A la Carte Medicine

Dengue, that affects millions annually, may be mitigated by using Wolbachia-infected mosquitoes. This approach, along with fecal microbiota transplants for C-diff infections, underscores a shift towards microbiome-focused therapies. Future medicine may rely on synthetic biology for precise, customized treatments, challenging current regulatory frameworks.

This article was first published in The Mint. You can read the original at this link.


Dengue afflicts close to 400 million people a year. As much as one-third of the population of the world is at risk of contracting the disease. There are no vaccines for the disease and the most effective remedy seems to be to simply avoid being bitten by the Aedes aegypti mosquito.

Sometime back, a team of scientists in Australia discovered that when the Aedes mosquito is infected with the Wolbachia bacterium it is unable to carry the dengue virus. Wolbachia boosts the mosquito’s immune system and competes for nutrients like cholesterol and fatty acids that the virus needs in order to reproduce. They realised that if Wolbachia could be made to infect the mosquito population, that might offer a cure for dengue. In early 2011, the scientists tested this theory by releasing about 300,000 Wolbachia-infected mosquitoes into the wild. By May that same year, close to 90% of the mosquitoes in the locality had been infected with Wolbachia—effectively eliminating dengue in those towns—and proving that microbes can be successfully used to combat disease.

Medical treatment has always been mathematical—identifying deficiencies that cause our illnesses and replacing them with whatever it was that was missing—or identifying the alien pathogens in our bodies and using drugs to kill or eliminate them. It is only quite recently that we’ve come to realise that our bodies aren’t simple machines that can be fixed with the addition of a spare part or the removal of a defect. They are actually complex ecosystems that include the many millions of microbial organisms that live in symbiotic coexistence within our bodies.

This is the microbiome, a dynamic community of living organisms that makes us who we are, shaping our health, our mental functions and even our personality. It is a delicate yet remarkably resilient system that can collapse from something as innocuous as a change in diet but at the same time can defend the body from something as drastic as the introduction of a parasite. Antibiotics that are targeted at specific disease-inducing microbes often end up destroying large swathes of useful microbes as well. If used too often, they can have long-term consequences on the health of our microbiome.

There is no organ system in the body that is home to more microbes than the human gut. It is also, consequently, the organ system most commonly affected by variations in the microbiome. The Clostridium difficile (C-diff) bacterium inhabits this organ system and causes a particularly nasty strain of diarrhoea—one so aggressive and resistant to drugs that even when treated with strong antibiotics it reappears in a newer, more virulent form.

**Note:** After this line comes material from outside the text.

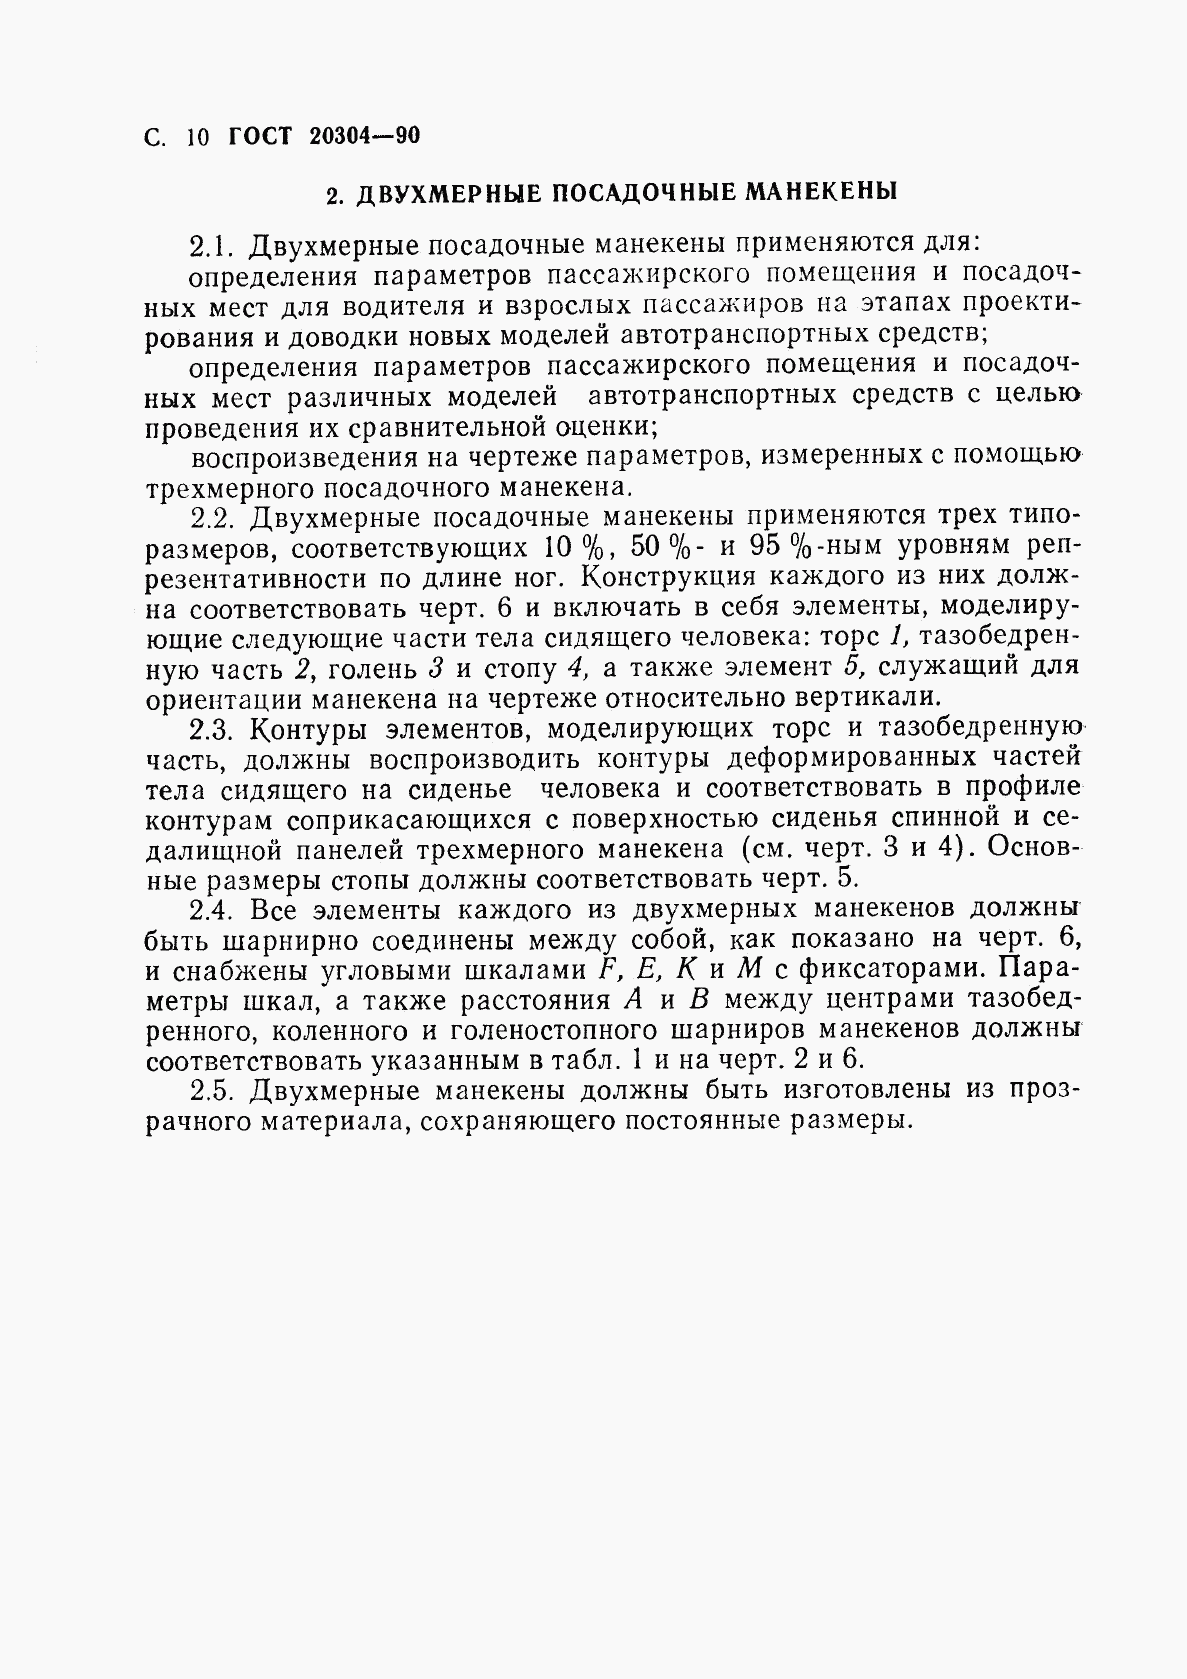 ГОСТ 20304-90, страница 11

In recent years, after trying and failing to cure C-diff with traditional antibiotics, doctors have begun to use a 1,000-year-old technique called faecal microbiota transplant (or FMT) to treat this infection. The technique involves taking stools from a healthy donor, pulping it in a blender and injecting it into the gut of the patient so that the patient’s unhealthy gut ecosystem can be replaced by a functioning one. As revolting as FMT might sound, the results of this treatment are near miraculous—offering cure rates as high as 94% in really sick patients.

It is outcomes like these that have encouraged research into new methods of treatment aimed at maintaining the balance in our microbial families. These methods are designed to use carefully selected microbes to address the observed symptoms while at the same time ensuring that they function in harmony with our immune systems and the rest of our microbiome.

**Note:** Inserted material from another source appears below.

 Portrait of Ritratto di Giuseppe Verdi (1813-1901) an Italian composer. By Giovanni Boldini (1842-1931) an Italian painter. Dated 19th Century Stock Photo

At the cutting edge of this research is the discipline of synthetic biology—the science of taking naturally occurring bacteria and modifying them to perform specific functions. As we perfect these techniques, we will eventually be able to engineer microbes to target cancer cells for elimination or convert toxic secretions into useful ones. It will give us the opportunity to localise treatments with millimetre precision so that they target the offending disease-causing cells without harming the healthy cells around them. In this future, visits to the doctor will be all about assessing the balance of our microbiome. Instead of using the broad spectrum drugs we are prescribed today, we will most likely be provided with a capsules of contextually designed probiotics, custom-made to re-balance our internal ecosystem.

We are particularly ill-equipped to regulate this new future of à la carte medicine. Our drug approval processes are designed to assess medicines that are intended to be used by vast swathes of the population. They are hopeless to deal with customised medicine.

This is the direction in which medicine is surely but steadily headed and, like it or not, if our regulators don’t gear up for this future, they will find themselves coming in its way.